Cumhuriyet’ten Alican Uludağ’ın haberine göre, dün YSK’nın 16 Nisan anayasa değişikliği referandumunun iptali isteminin reddine ilişkin kararının gerekçesini açıklamasının ardından, 10 üyenin ret görüşüne katılmayan Topaktaş’ın 12 sayfalık karşı oy yazısı da gündeme geldi.

“560 sayılı kararımızdaki hatalı yönlerden en başta geleni kanun koyucu gibi hareket etmemiz olmuştur. Bu kurallar, dışarıdan oy pusulası ve zarf getirilmesini, dolayısıyla hile yapılmasını önlemek amacıyla getirilmiştir” diye başlayan Topaktaş, sandık görevlilerinin sahtecilik konusunda özel bir eğitimleri olmadığı için, bu denetimin onlardan beklenemeyeceğini söyledi.

Oyların seri bir şekilde sayılması gerektiği düşünüldüğünde de bu denetimin yapılmasının pek mümkün olmadığını belirten Topaktaş, “Ancak bir soruşturma ile ispatlanabilecek sahtecilik veya hile iddiasının, bu yükün altından kalkamayacak olan kişilere verilmesi doğru olmayacaktır” diye devam etti.

ŞÜPHE ORTADAN KALKMAZ

YSK’nın ‘ilk defa’ bir seçimin devamı sırasında böyle bir karara imza attığını ifade eden Topaktaş, sandıklardaki sayım işlemlerinin kurulun bu kararına göre yapılması dolayısıyla mühürsüz zarflar ve oy pusulalarının miktarının tespitinin imkansız hale geldiğini söyledi:

“Gerek siyasi partilerce, gerekse Kurulumuzca, gerçekte ne kadar mühürsüz zarf ve oy pusulası olduğu bilinmemektedir.

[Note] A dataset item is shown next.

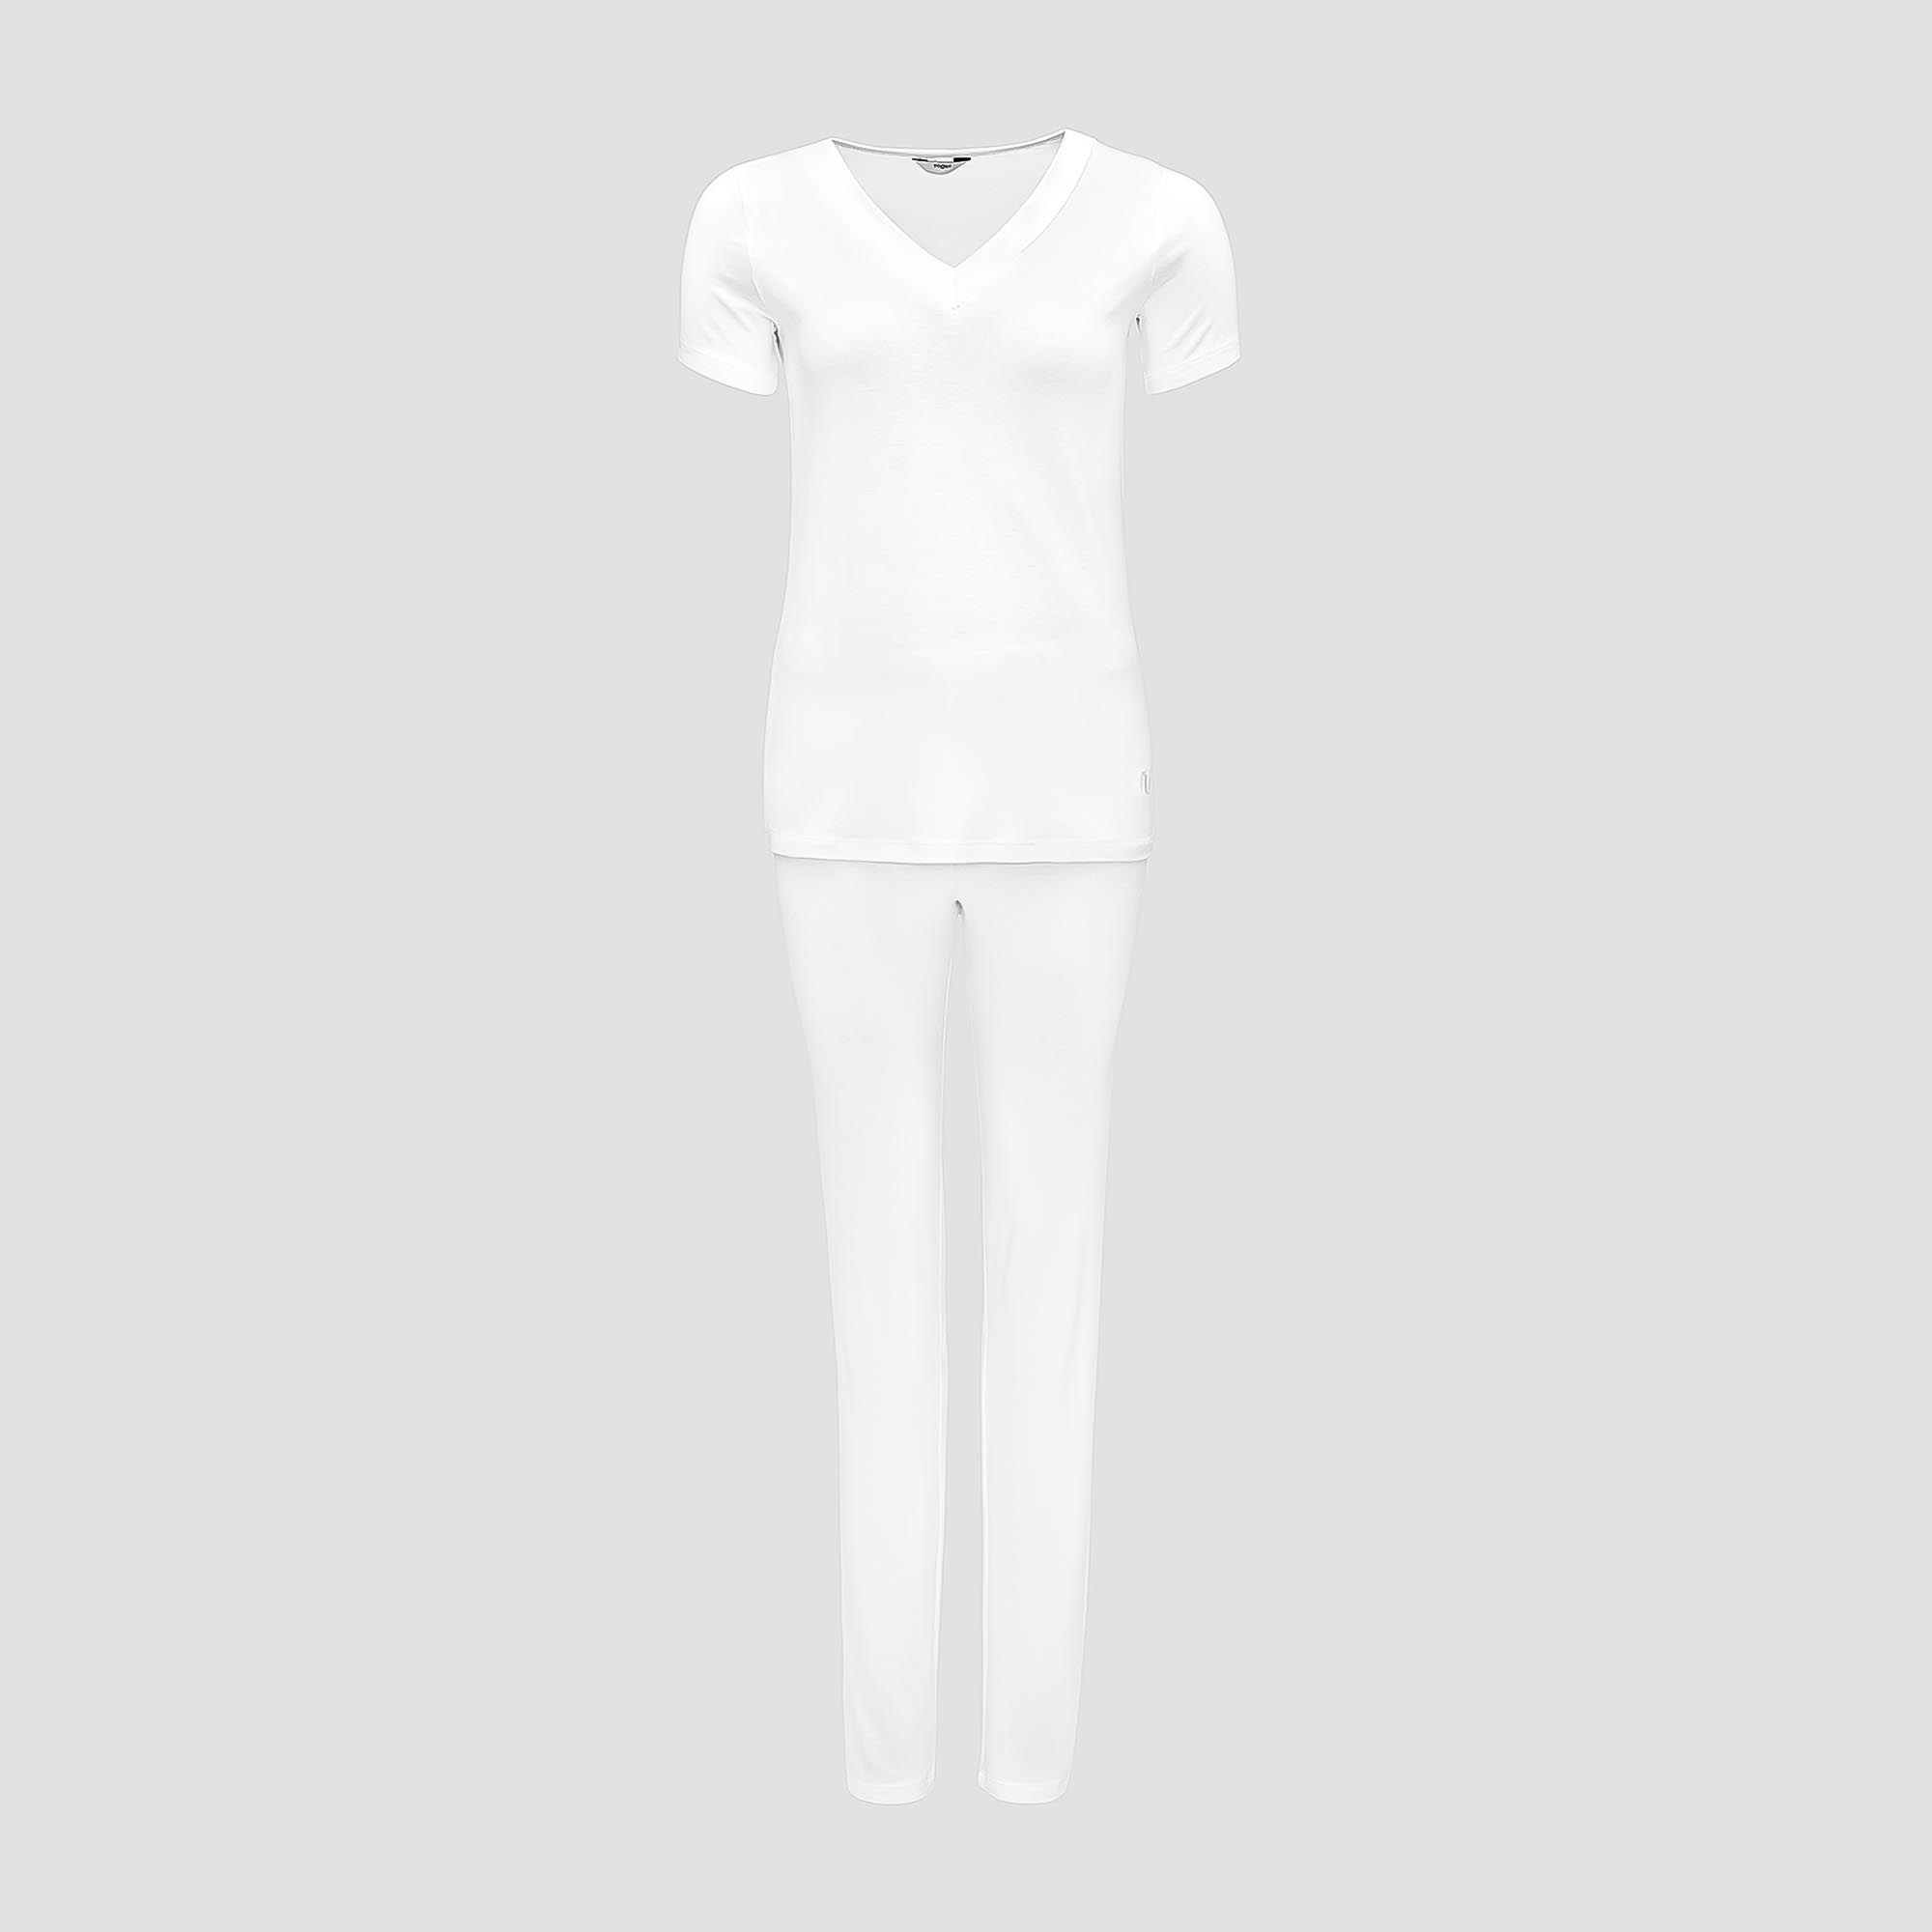 Пижама Togas Ингелла белая женская XXL(52) 2 предмета жен пижама с шортами инь янь белый р 54

Kamuoyuna bu 2.5 milyon oy olduğu şeklinde yansımıştır. Yeniden sayımın kamuoyunda oluşturulan şüpheyi ortadan kaldırmaya yetmeyeceği gözetildiğinde, artık 2.5 milyon mühürsüz zarf ve mühürsüz oy pusulası olduğunu ya da olmadığını tartışmak anlamsız hale gelmiştir. Ülkemiz çıkan sonucun doğru olduğuna inanan ve inanmayan kesimler olarak ikiye bölünmüştür.”

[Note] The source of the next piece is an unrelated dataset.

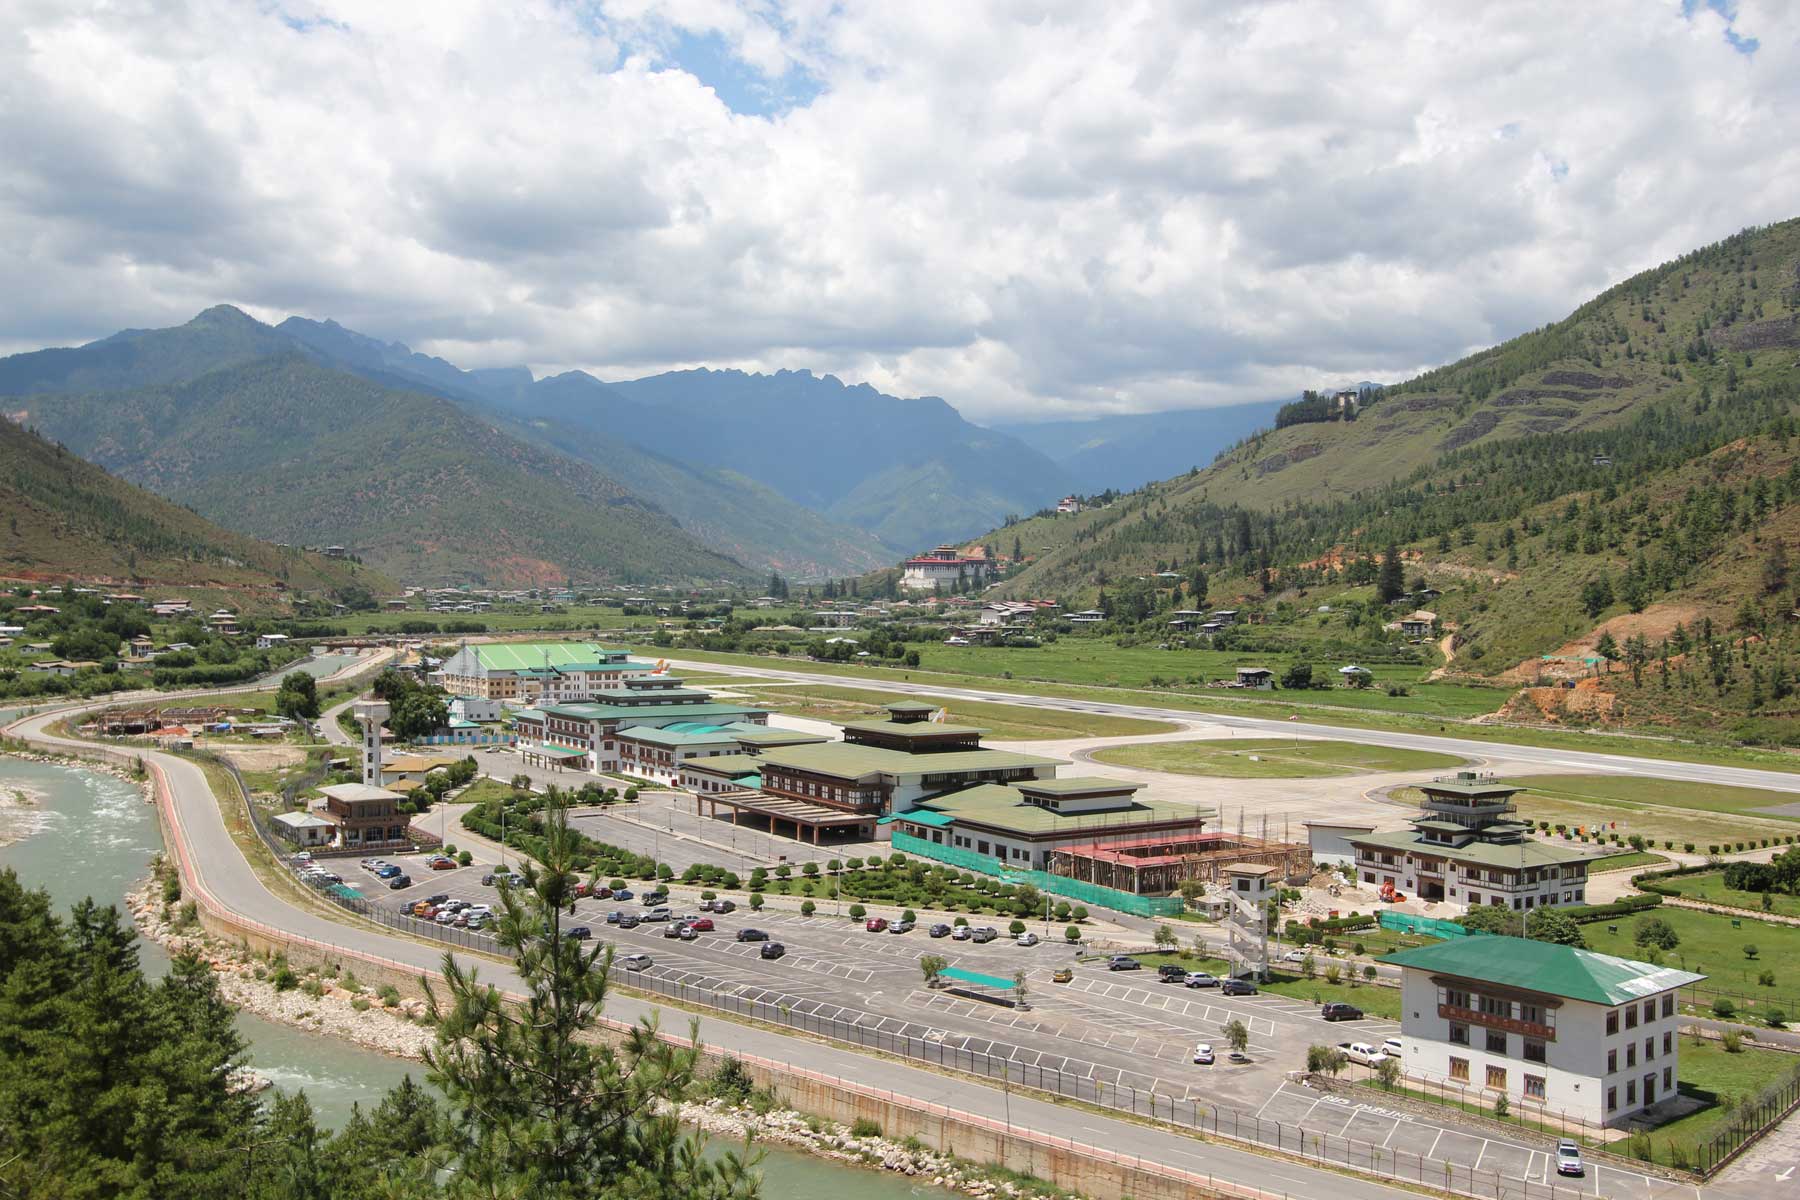 Аэропорт бутана. Паро бутан. Paro International Airport, Bhutan. Долина паро аэропорт. Аэропорт паро в королевстве бутан.

Kurulun referandum sürecinde radyo ve televizyonlarda eşit şartlarda propaganda yapılamamasının önünü açtığını belirten Topaktaş şöyle devam etti: “298 sayılı Kanunun 149/A maddesindeki düzenlemeye baktığımızda, bu Kanunun 55/A maddesine ve kurulca belirlenen esaslara aykırı olarak yayın yapılması halinde, cezai müeyyideler getirdiği görülmektedir. Bu müeyyideyi uygulamak yerine, uygulanamaz olduğuna karar verilmesi, propaganda açısından eşit olmayan şartlarda halkoylamasına gidilmesi sonucunu doğurmuştur.”

Topaktaş referandumda farklı görüşlerin eşit temsil edilememesi ve kurulun ‘mühürsüz kararı’nın yarattığı sonuçları göz önünde bulundurarak referandumun iptal başvurusunun kabul edilmesine hükmetti: “Anayasamızın 67 ve 79. maddelerinin ihlal edildiği, bu nedenlerle seçimlerin iptali yolundaki başvurunun kabulüne karar verilmesi gerektiğini düşünüyorum.”